Insight: Definition-driven augmentation can be extended to other fine-grained classification tasks (e.g., fine-grained sentiment analysis, hate speech subtypes), provided that clear semantic definitions of categories are available.

Rating¶

Novelty: ⭐⭐⭐⭐ — DDA (definition-driven augmentation) and CSE (semantic expansion error correction) are newly proposed techniques with clear design motivations. The ensemble strategy is simple yet effective.
Experimental Thoroughness: ⭐⭐⭐⭐ — Comprehensive evaluation across three task levels of EDOS, complete ablation studies comparing models with/without definitions and various augmentation methods, accompanied by detailed error analysis.

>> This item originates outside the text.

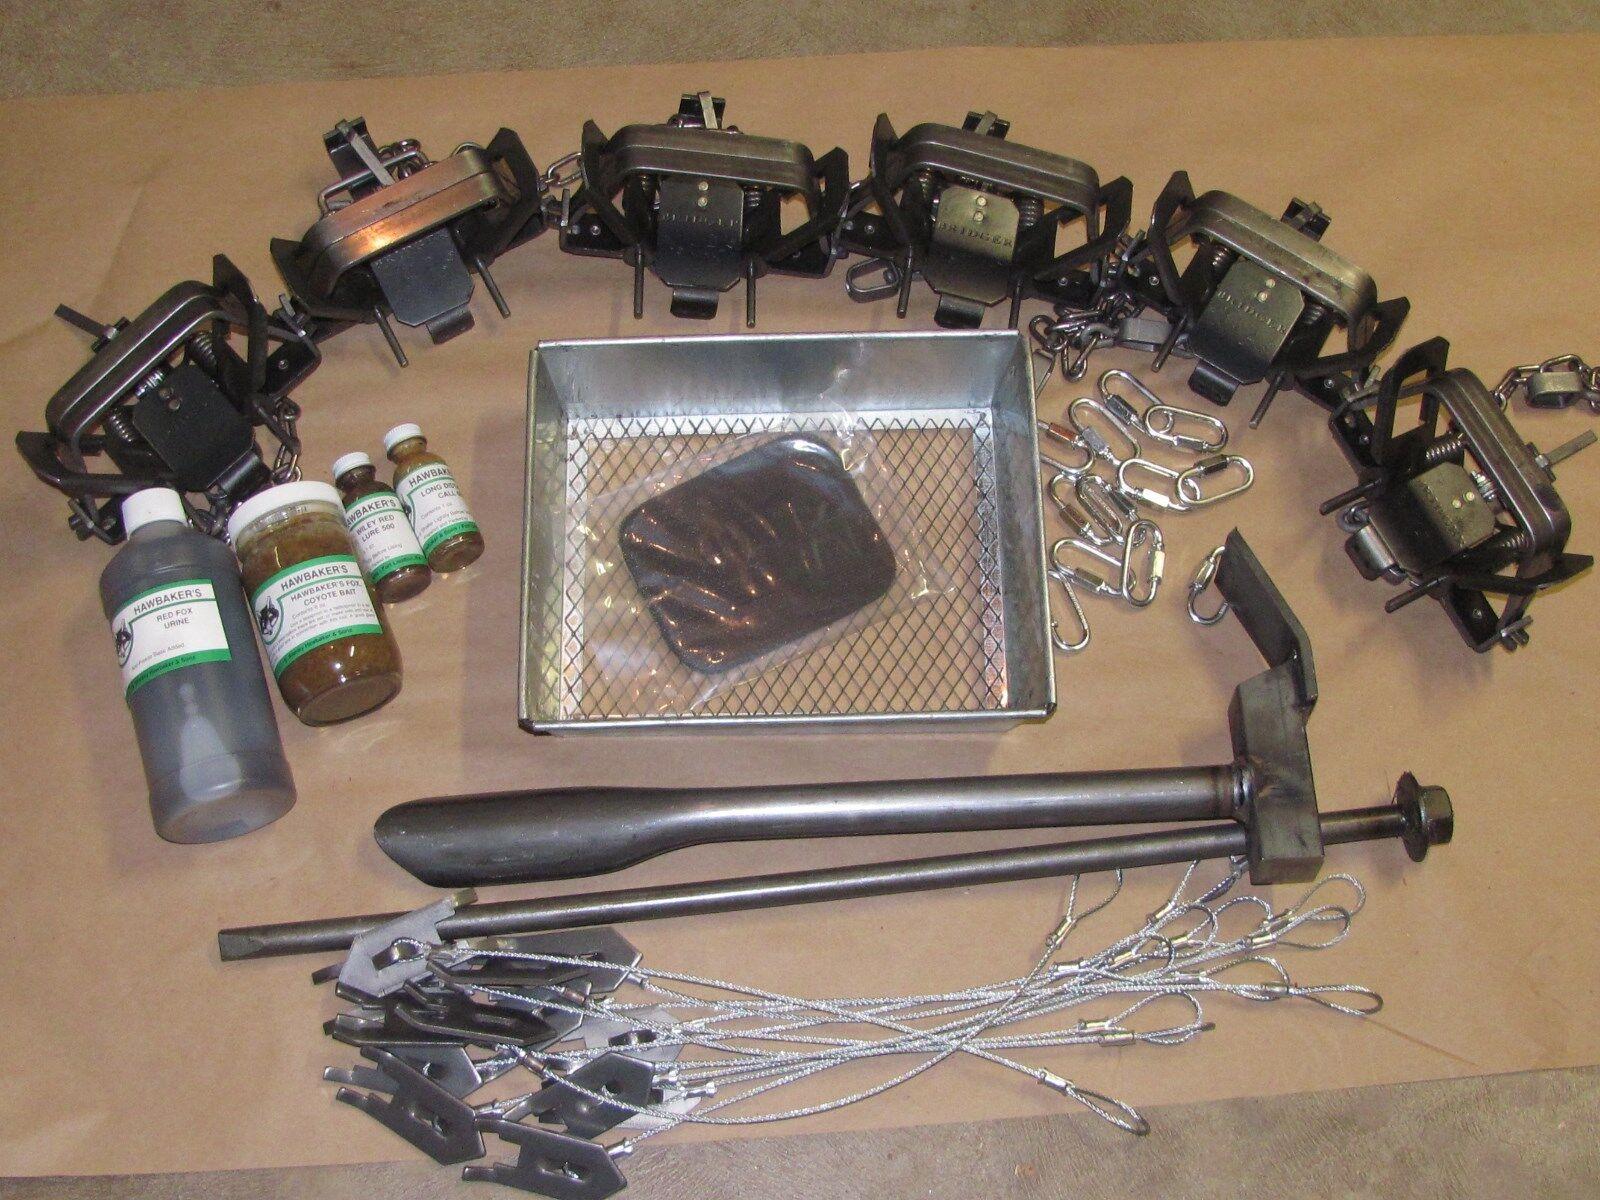 Fox caza con trampas paquete 6 Bridger coilspring Kit Fox Coyote mapache Nueva Venta
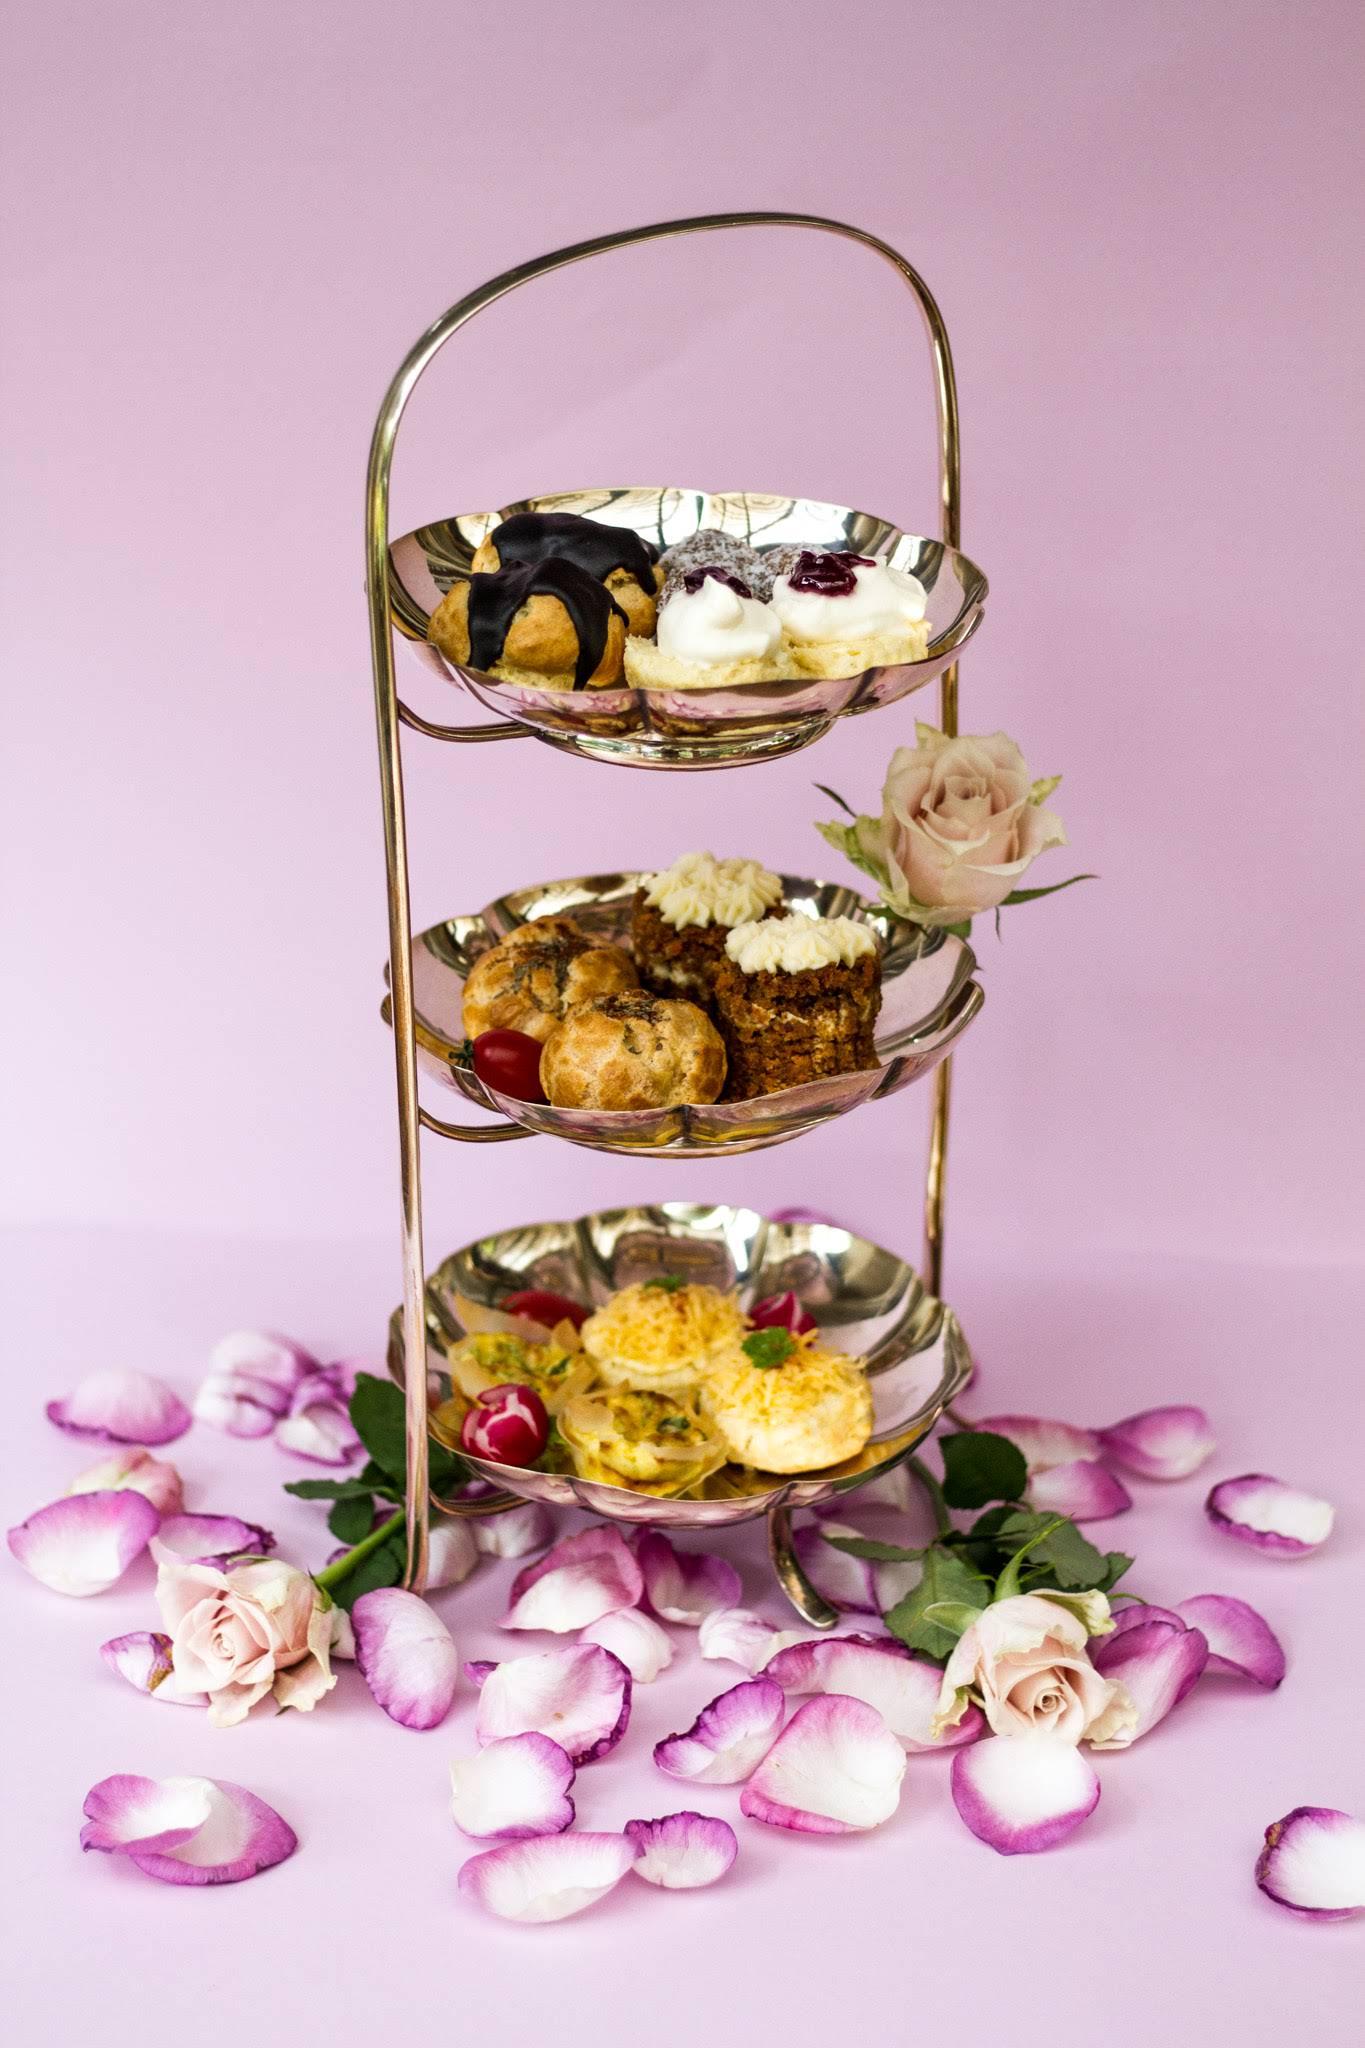 Platters served as high tea

Writing Quality: ⭐⭐⭐⭐ — The table analyzing annotator inconsistency is highly intuitive and powerful, the pipeline diagram is clear, and the prompt designs are thoroughly presented.
Value: ⭐⭐⭐⭐ — The +4.1 F1 improvement on Task C represents a substantial advancement, and the DDA approach offers broad reference value for other fine-grained NLP tasks.